Table 1 Variables included in the final merged data set

Attribute	Description	Type	Missing values	Data source	Decision
Id Employee	Employee’s Id	Integer	0	SuperNOMINA	Excluded
Work Center	Site of work	Categorical	0	SuperNOMINA	Included
Salary	Category of salary	Categorical	0	SuperNOMINA	Included
Team Work	Team where the employee worked	Categorical	0	SuperNOMINA	Included
Job title	Name of the role played	Categorical	0	SuperNOMINA	Included
Hiring Date	Date the employee started working	Date	0	SuperNOMINA	Excluded
Resignation Date	Date the employee end the job relationship	Date	93	SuperNOMINA	Excluded
Work shift	Nature of work schedule	Binary	0	SuperNOMINA	Included
Date of birth	Date the employee was born	Scale	0	SuperNOMINA	Excluded
Gender	Gender of the employee	Binary	0	SuperNOMINA	Included
Type of contract	Nature of work contract	Categorical	0	SuperNOMINA	Included
Working day	Time period during the employee is at work	Binary	0	SuperNOMINA	Included
Job separation reason	Reason of the end of job relationship	Categorical	674	SuperNOMINA	Included
Location	Place where the employee lives	Binary	608	Job Applications	Included
Progeny	Condition if the employee had progeny or not	Binary	586	Job Applications	Included
Marital status	Condition of marital status	Categorical	586	Job Applications	Included
Education	Educational level	Categorical	584	Record of interviews and Job Applications	Included
Previous Experience in time	Duration of the last job	Categorical	630	Record of interviews and Job Applications	Included
Previous Experience in sector	Area of the last job	Categorical	586	Record of interviews and Job Applications	Included
Rehired	Condition if the employee worked before with the company	Binary	0	SuperNOMINA	Included

Table 2 Measures of central tendency for scale type attribute

Attribute	Min	Max	Average	Median	S.D.
Age	14	65	29.34	26.52	9.56
Seniority	0	7759	188.50	73	422.57

Figure 3 shows the frequency of some categorical and binary variables: Gender, Education, Job experience in Time and Sector, and Job Resignation Reason. We can observe that the male population is higher (58 %) than the female population (42 %). Also, the most frequent education category is Junior High School (65.41 %), while Unjustified absence (33.22 %) is the most common resignation reason. Meanwhile, 48.08 % of the employees have previous experience in factories, and their experience in time is often less than three months (38.62 % of the population).

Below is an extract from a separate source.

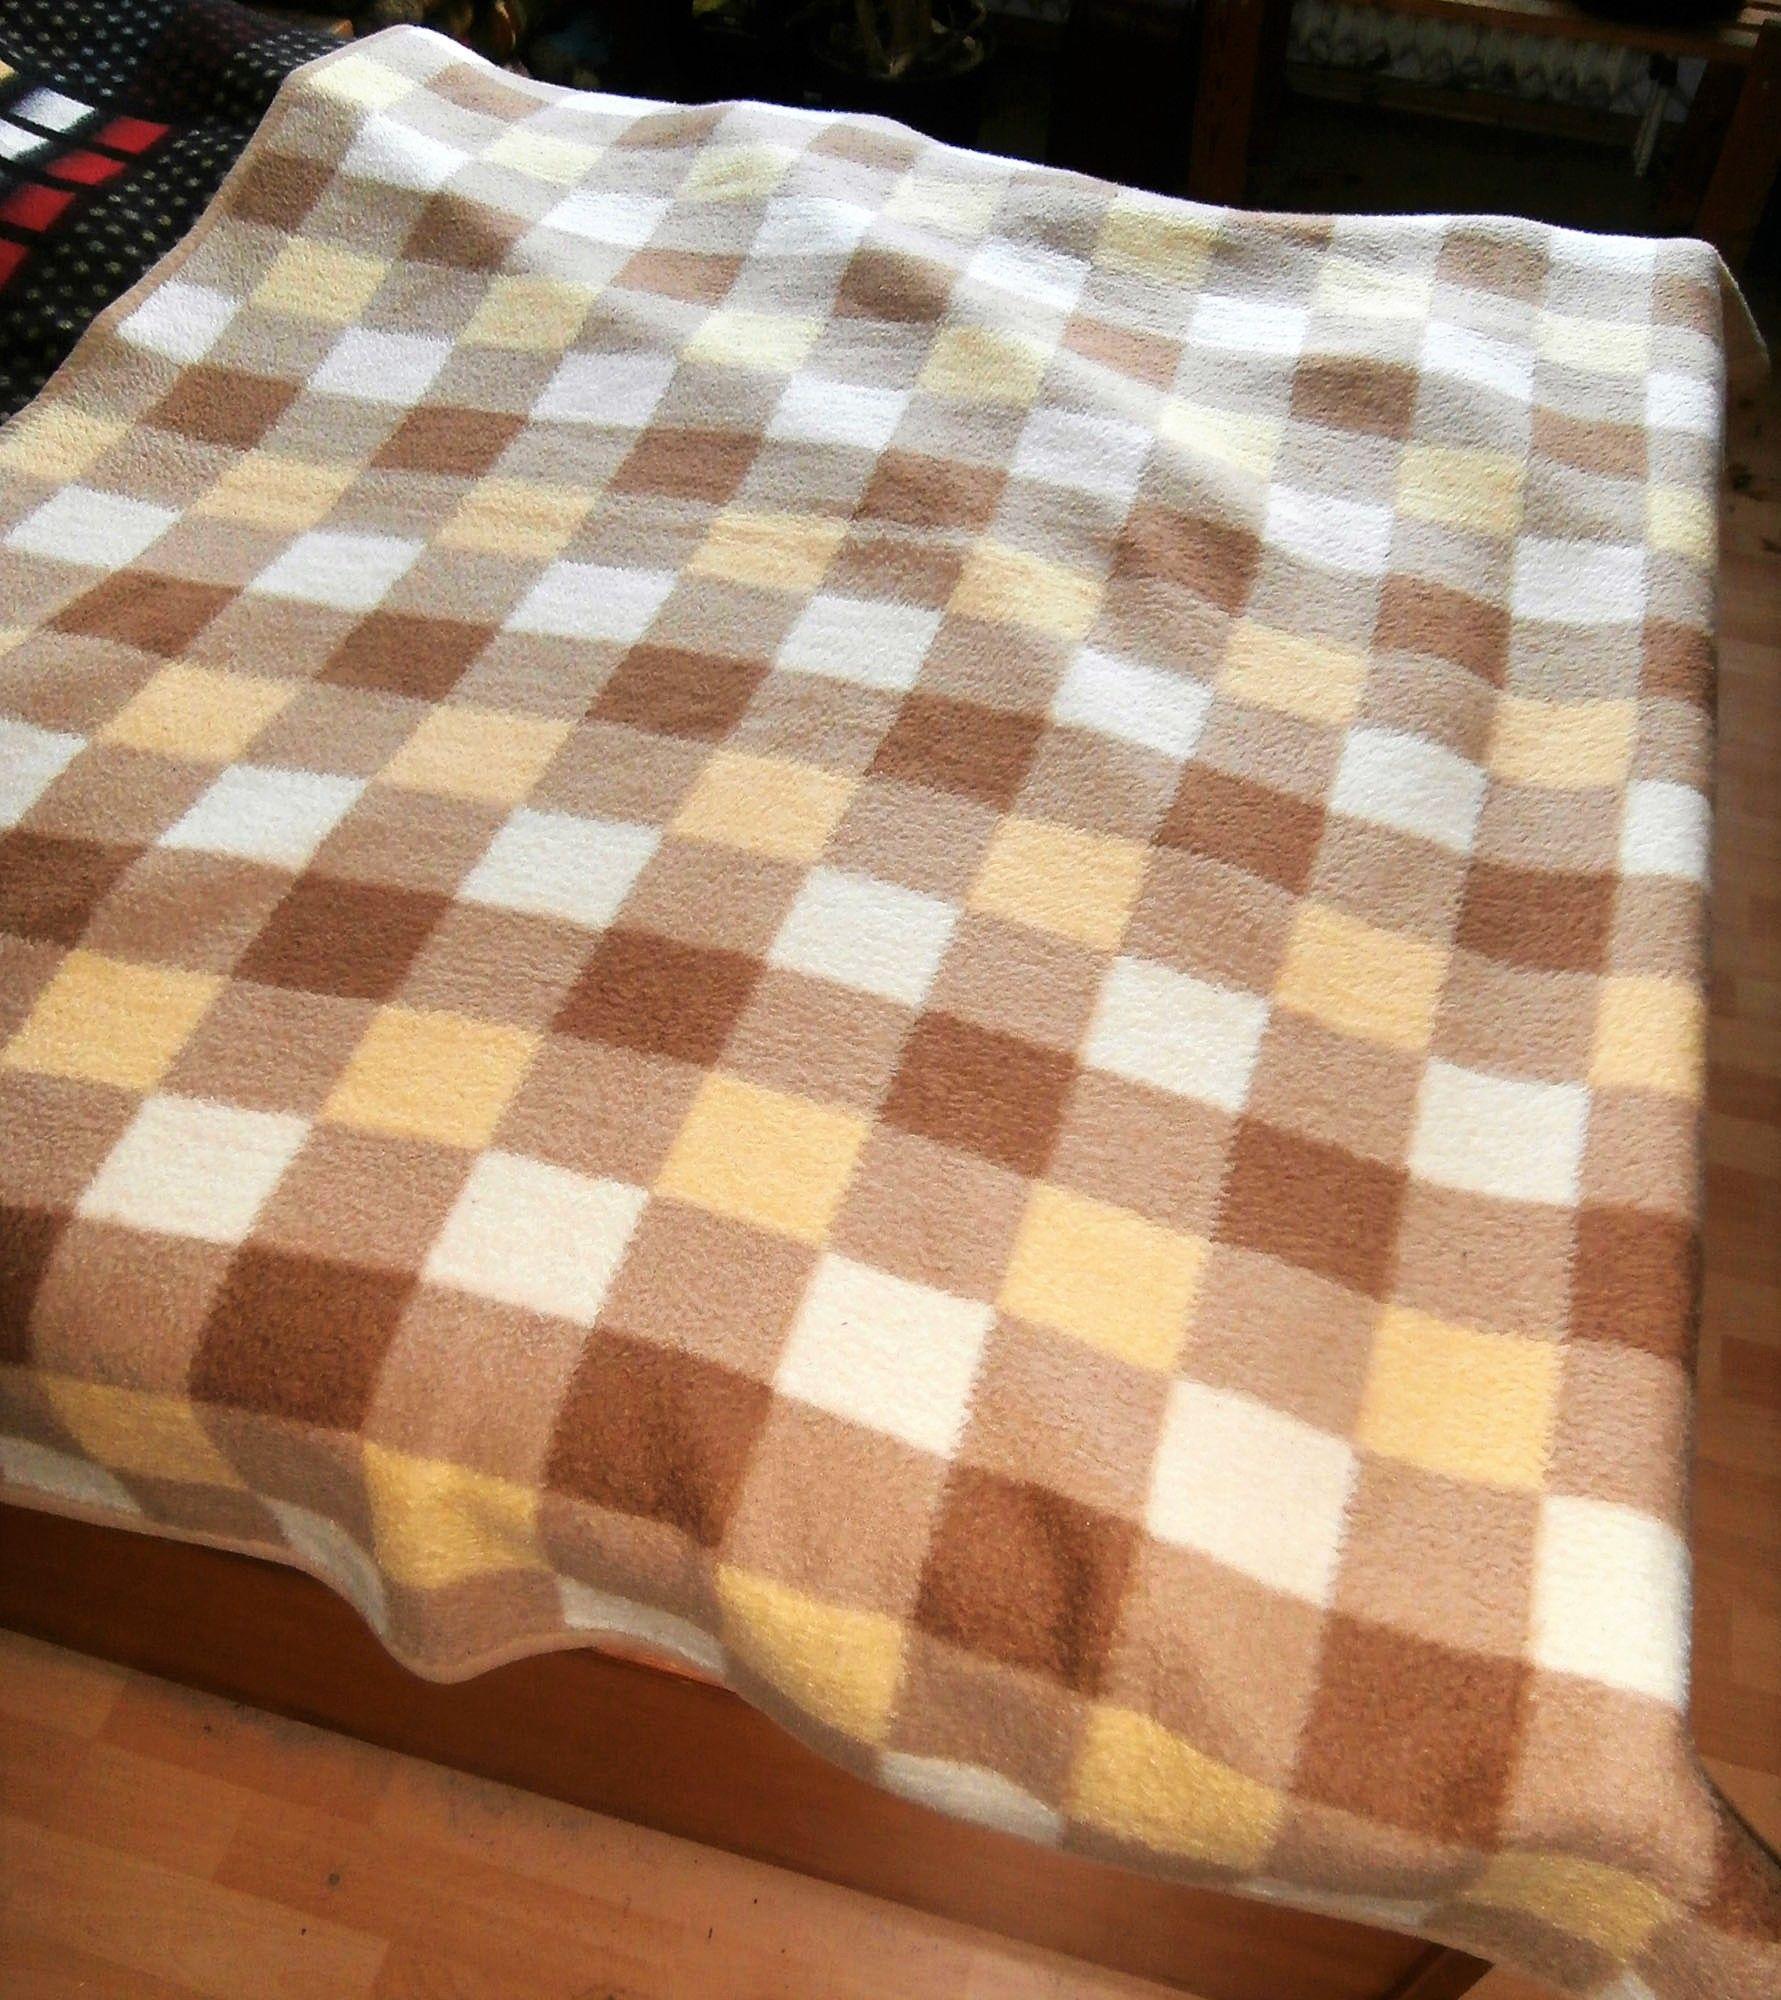 Vintage Woolblanket Retroblankets Blanketmuseum 50s 60s Oudedekens Vintageblanket Vintagedeken Retrodeken Wollendeken B In 2020 Wolldecke Flauschig Decke

Figure 3 Frequencies of nominal attributes in the data set utilized

Data preparation

We first defined two new attributes: Age and Seniority. The values of the second attribute were calculated utilizing information from the available data about periods working at Malumex. The latter attribute was established as the dependent variable since it represents the working time of employees and therefore results helpful to define whether an employee left the job before the initial contract of 90 days (i.e., related to undesirable employee profile).

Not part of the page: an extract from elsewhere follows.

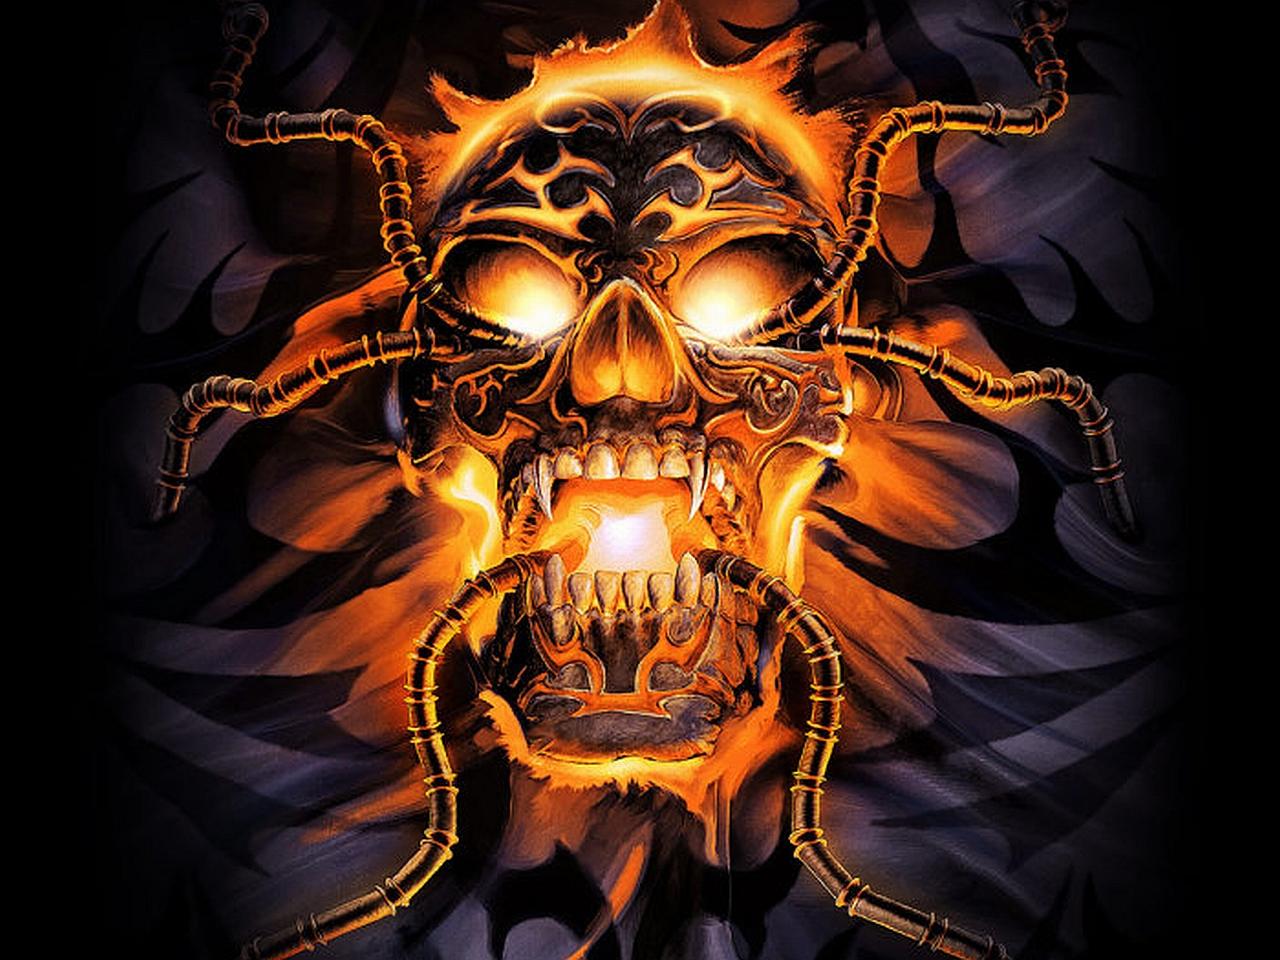 Dark skull wallpapers wallpapersafari - Scary skull backgrounds ...

Variables such as the ID of employees and dates such as date of birth, resignation, and hiring were excluded since these did not contribute to defining employee profiles prone to turnover or were already considered in the values of some other variable (e.g., Age). We also transformed binary and categorical attributes into numeric attributes so that the data mining techniques could be applied. Regarding missing values, the values of Seniority were filled with the median value equal to 73. For the attributes Experience in Time, Experience in the sector, Job resignation reason, Marital status, Progeny, Education, and Location, the missing values were not substituted not to skew the data. Finally, we transformed the dependent variable Seniority into a binary attribute to distinguish the employees who worked less than 90 days from those who worked a more extended period. The categories for this attribute were set as true and false, and the target for the data mining problem was labeled as false.

Modeling

In the first iteration, the techniques listed below were utilized to build classification models using 17 total attributes in the data set. The attribute Job separation reason was excluded since this variable would not be available in a new hiring scenario.

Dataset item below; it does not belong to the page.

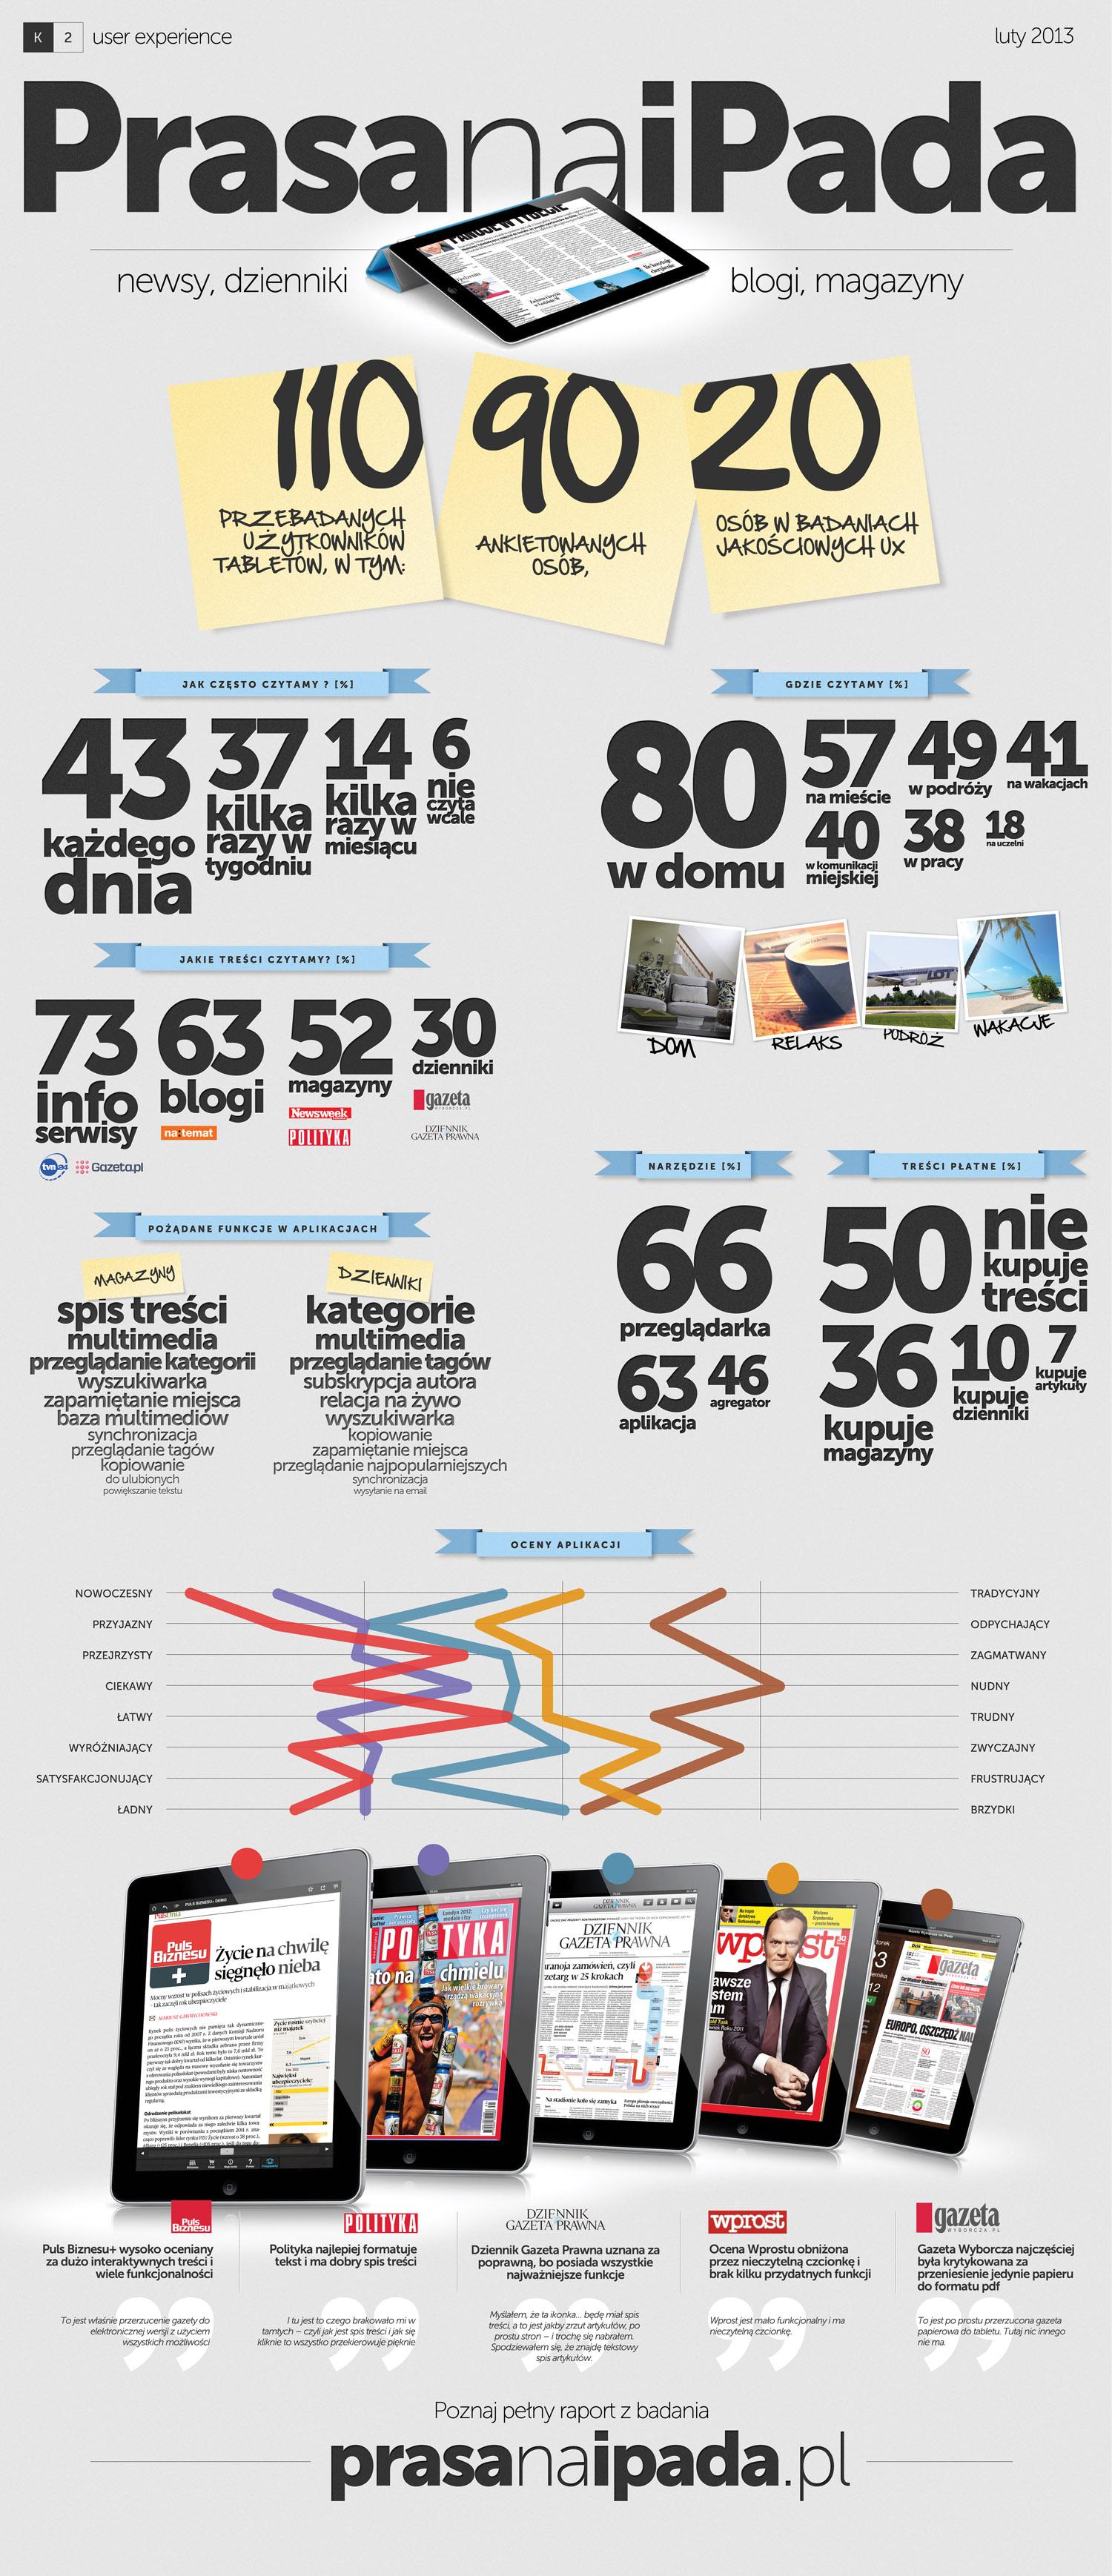 eprasa-ipad-infografika-aplikacje-mobilne

The parameters set for each model are as follows:

Random Forest: Number of Tree = 20, Maximal Depth = 4.
Support Vector Machine: Gamma = 1.0E-4, C = 10.0, Total number of support vectors = 1575, Bias (offset) = -0.944.
Deep Learning: Model Metrics = Type Binominal, model id: rm-h2o-frame-model559065, MSE = 0.23713148, R2ˆ = 0.0033993945, logloss = 0.6670185.
Decision Tree: Maximal Depth = 3.
Generalized Linear Model: Model Metrics Type = Binomial GLM, Description = N/A, model id = rm-h2o-model-model-917445, frame id = rm-h2o-frame-model-460884, MSE = 0.23554558, R2ˆ= 0.010064466, logloss = 0.6638515.
Logistic Regression: Model Metrics Type= Binomial GLM, Description: N/A, model id = rm-h2o-model-lr-58768, frame id = rm-h2o-frame-lr-471698, MSE = 0.23652673, R2̂ = 0.005940958, logloss = 0.6659203.
Naive Bayes: Simple Distribution = Distribution model for label attribute Seniority, Class false (0.610) 2 distributions, Class true (0.390) 2 distributions.

A second iteration was carried out using the three models with the highest AUC value (see Table 4) to evaluate whether the attribute with a high correlation with the dependent variable "Job separation reason" had a significant impact, where an automatic feature selection and generation was established for finding the best feature sets. The parameters for the second iteration are given in Table 3.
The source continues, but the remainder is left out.